Boothby, Guy Newell (DNB12)
BOOTHBY, GUY NEWELL (1867–1905), novelist, born at , Adelaide, South Australia, on 13 Oct. 1867, was eldest of three sons of Thomas Wilde Boothby, member of the South Australian house of assembly, by his wife Mary Agnes, daughter of Edward Hodding of Odstock, Salisbury, Wiltshire. His grandfather, Benjamin Boothby (1803–1868), a native of Doncaster, emigrated with his family to South Australia in 1853 on being appointed second judge of the supreme court of South Australia, and was removed from office in 1867 by the South Australian parliament owing to his objections to the Real Property (Torrens) Act. His uncle, Josiah Boothby, C.M.G., born at Nottingham, was permanent under secretary for the government of South Australia from 1868 to 1880.
About 1874 Boothby was sent to England, and received his education at Salisbury. In 1883 he returned to South Australia, and in 1890 became private secretary to the mayor of Adelaide. During this period he devoted himself to writing plays without success. In October 1888 he produced a melodrama at the Albert Hall, Adelaide, entitled 'Falsely Accused,' and in August 1891 at the Theatre Royal 'The Jonquille,' a piece founded upon incidents connected with the French revolution. Of a roving disposition, he made in 1891-2 a journey across Australia from north to south; and in 1894 published 'On the Wallaby,' in which he described in a lively style his travelling experiences. In the same year he settled in England, first at Champion Hill and afterwards near Bournemouth, where he devoted himself to novel-writing and occupied his leisure in collecting live fish and breeding horses, cattle, and prize dogs. He died unexpectedly of influenza at his house in Boscombe on 26 Feb. 1905, and was buried in Bournemouth cemetery.
The many stories which Boothby wrote at an exceptionally rapid rate during his last ten years were crowded with sensation, showed an eye for a dramatic situation, and enjoyed a wide vogue, but he had small faculty for characterisation or literary style. He produced in all fifty-five volumes. He was at his best in his earlier studies of Australian life in 'A Lost Endeavour' (1895), 'Bushigrams' (1897), and 'Billy Binks, Hero, and other Stories' (1898). His best known novel, 'A Bid for Fortune, or Dr. Nikola's Vendetta' (1895; 2nd edit. 1900), first appeared as a serial in the 'Windsor Magazine,' Its success led Boothby to prolong his hero's mysterious adventures through many subsequent volumes, including 'Dr. Nikola' (1896), 'Dr. Nikola's Experiment' (1899), and 'Farewell Nikola' (1901).

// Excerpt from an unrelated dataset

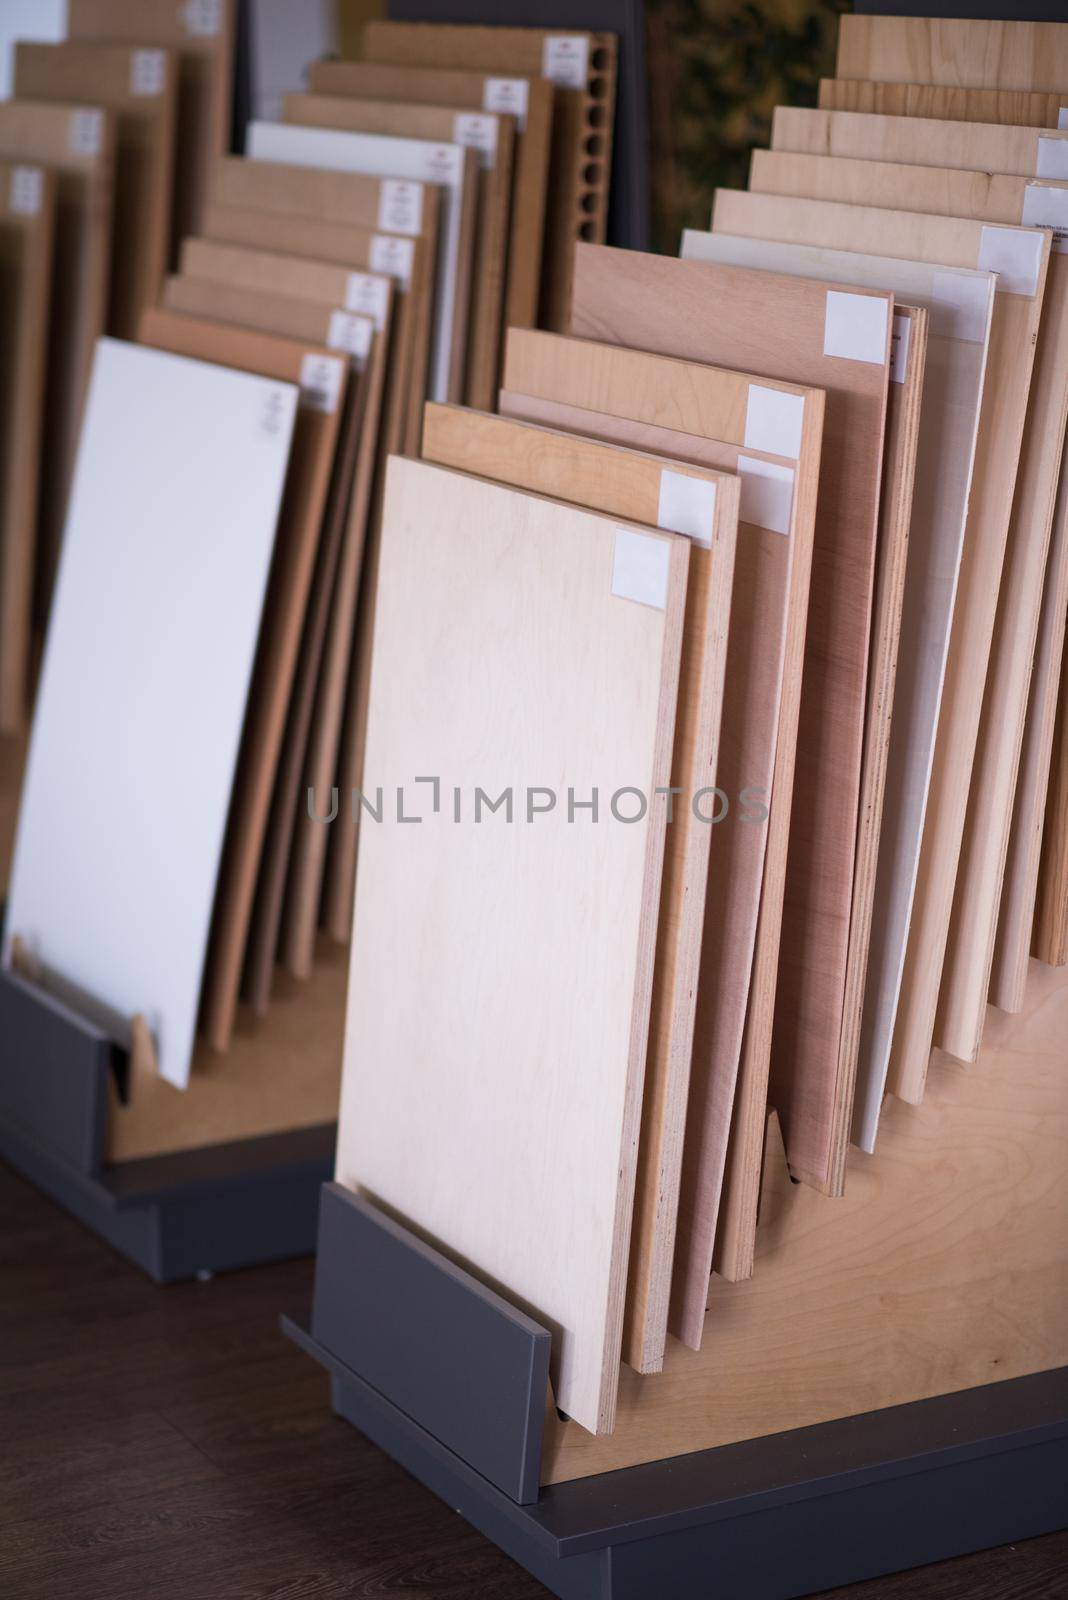 samples of wooden furniture by dotshock

On 8 Oct. 1895 Boothby married Rose Alice, third daughter of William Bristowe of Champion Hill. She survived him with two daughters and one son.
[The Times, 28 Feb. 1905; Athenæum, 4 March 1905; Adelaide Chronicle, 4 March 1905; Adelaide Advertiser, 28 March 1905; Bournemouth Guardian, 4 March 1905; Brit. Mus. Cat.; private information.]